Eventually, she relocated to Las Vegas, where she worked at Comme Ça and Rose.Rabbit.Lie. at the Cosmopolitan. At Comme Ça, Kang was mentored by bartender Sam Ross. She left the Cosmopolitan and opened Park on Fremont and Commonwealth, both in Downtown Las Vegas. She returned to the Las Vegas Strip and worked at The Linq's BLVD Cocktail Co.

Kang was lead bartender at Delmonico's Steakhouse at The Venetian from 2015 until 2017, taking over the bar from Max Solano. During her time at Delmonico's, Kang not only designed the seasonal cocktail menus, but also oversaw the restaurant's extensive whiskey selection. While at Delmonico's, Kang was named the Nevada Restaurant Association's Bartender of the Year.

Eventually, Kang left Delmonico's to become head mixologist at the Dorsey, which opened in 2016, also at the Venetian. At the Dorsey, Kang oversees the bar's Dorsey Sessions program, which brings bartenders from popular bars around the world to serve as bartenders in residence.
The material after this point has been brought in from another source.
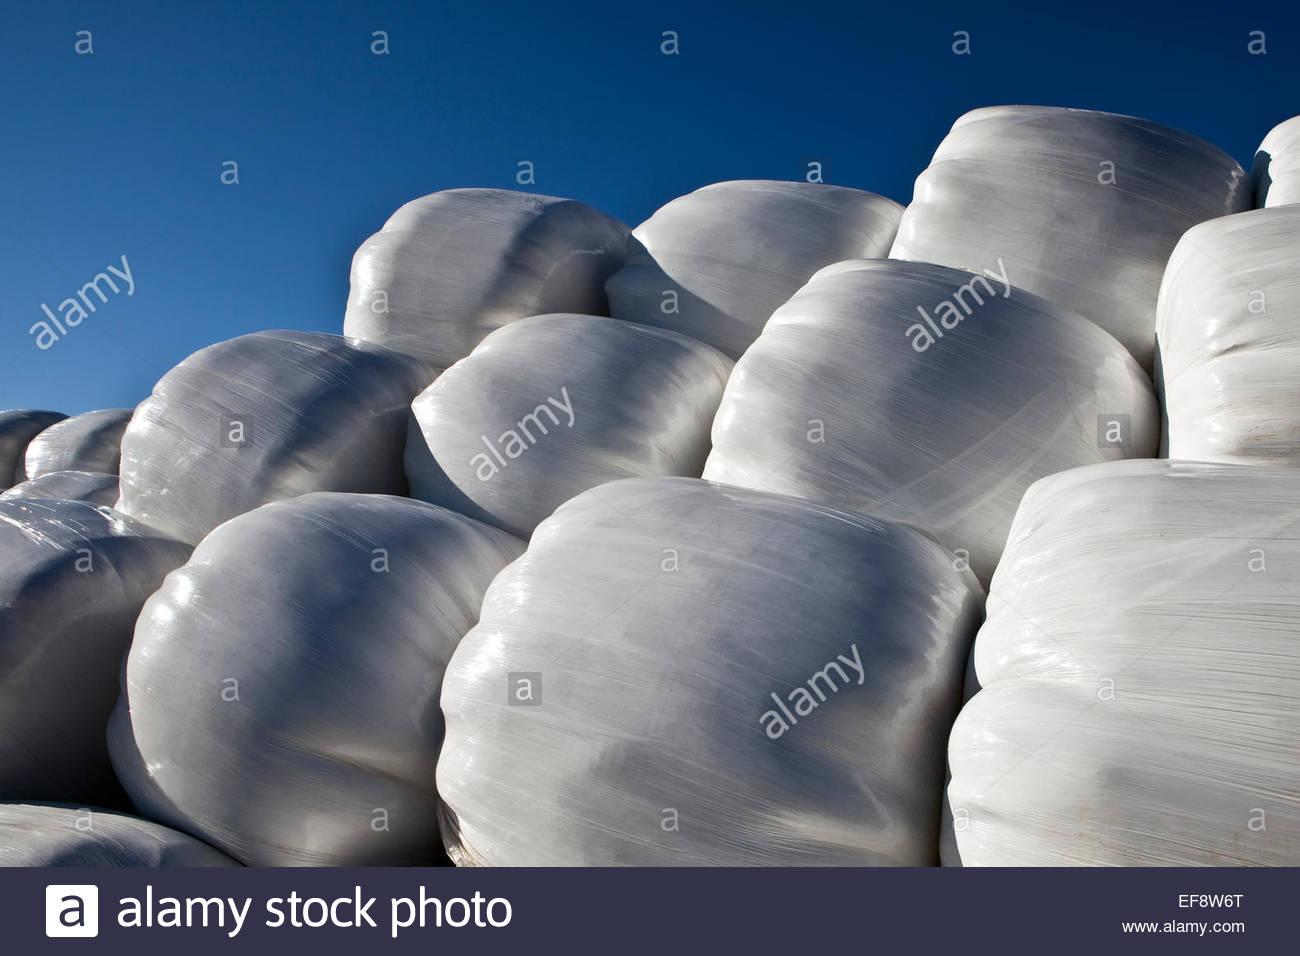 Iceland, Whalefjord, Pile of white sacks against blue sky - Stock Image

In 2018, Kang created a mint-based syrup for Cocktail Artist.

===Style and cocktails===

Kang describes designing a cocktail menu as a "long process." She notes that in Philadelphia, her drinks were more "booze forward," while in California, the drinks are longer lasting and "more refreshing," with Las Vegas cocktail culture being a bit of both styles.

Two of Kang's favorite types of drinks, and their variations, are a John Collins and Ramos Gin Fizz. In 2014, Kang was named Most Imaginative Bartender of the Year by the United States Bartenders' Guild and Bombay Sapphire for her variation on a Ramos Gin Fizz, the Lacy Fizz, which used a syrup made with eight spices and was garnished with flowers.

==Personal life==
Three of Kang's favorite Las Vegas restaurants are Chada Thai, Raku and Izakaya Go. Kang's favorite bars include Other Mama, The Sand Dollar Lounge, District One Kitchen & Bar, Atomic Liquors, Bardot Brasserie, Herbs & Rye, the Vesper Bar, and the Laundry Room, the latter which she helped open. When Kang patronizes a bar, she asks the bartender to make whatever they want for her, preferring "a bit booze forward and bittersweet" cocktails.